Here's an interesting comparison. Iron ore and rebar are different—once rebar prices rise above 3000 yuan, iron ore finds it hard to go higher because high steel prices will directly suppress downstream demand. Only when steel prices stabilize can iron ore have room to rise. But rare metals don't follow this pattern; their industrial umami attribute means that price increases have limited demand suppression effects.

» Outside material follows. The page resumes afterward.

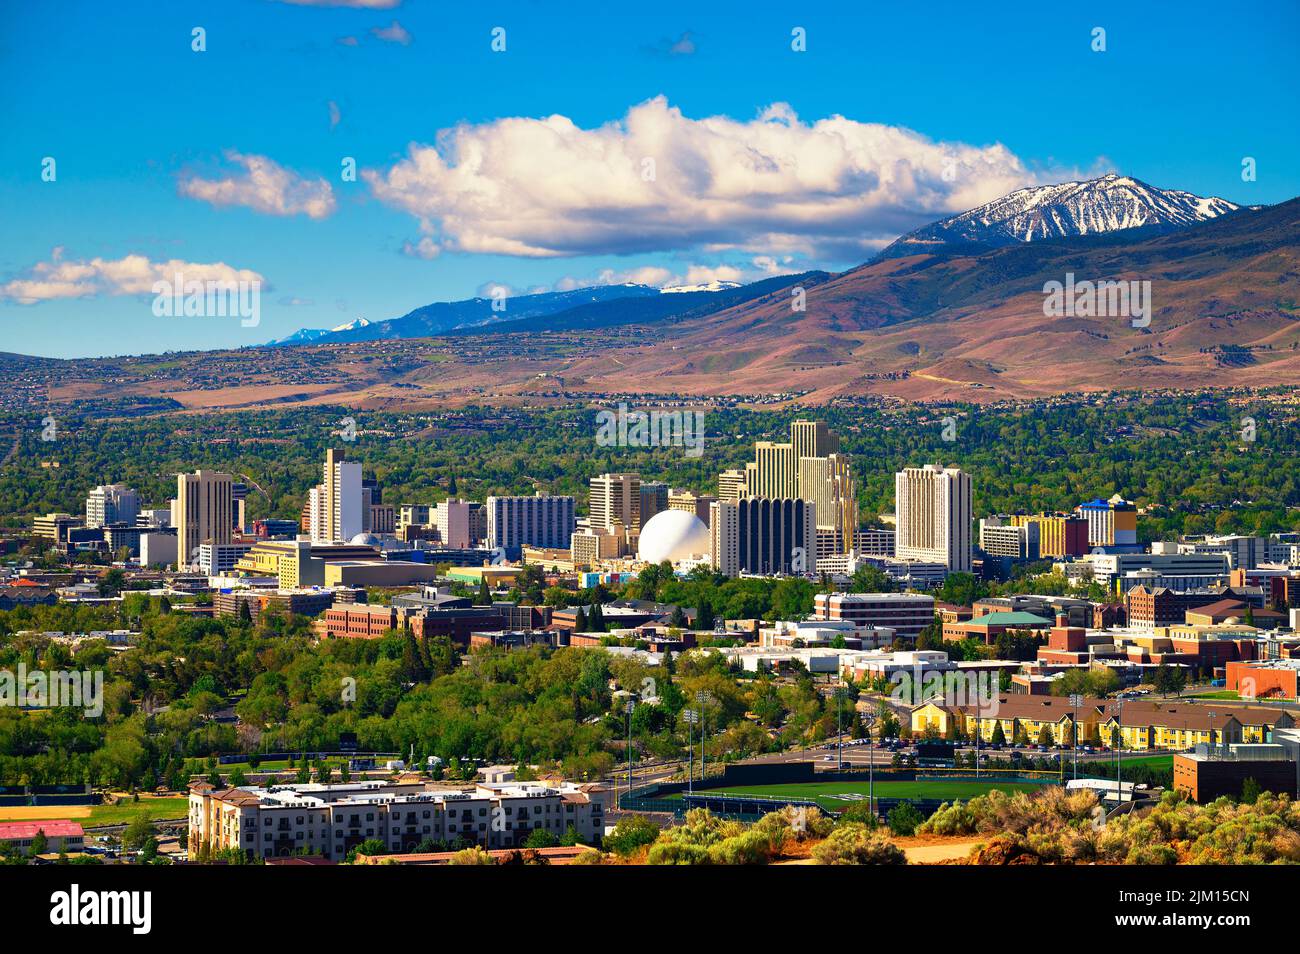 El horizonte del centro de Reno, Nevada, con hoteles, casinos y montañas circundantes Foto de stock

Looking at the historical trends of metals like nickel and cobalt makes this clear. When prices surge, industrial demand doesn't decline significantly. Instead, after prices rise, capital sees huge profit opportunities and invests heavily to expand capacity, leading to a surge in supply. This is the real killer that suppresses prices. So when cobalt production cuts appear in 2025, prices immediately rebound.
This year's price increases in gold, silver, copper, cobalt, tungsten, and rare earths are essentially supply-side issues. If in the future a large, low-cost deposit of a rare metal is discovered, its price will definitely fall. But such opportunities are not very likely right now, which is why the current upward trend appears so solid.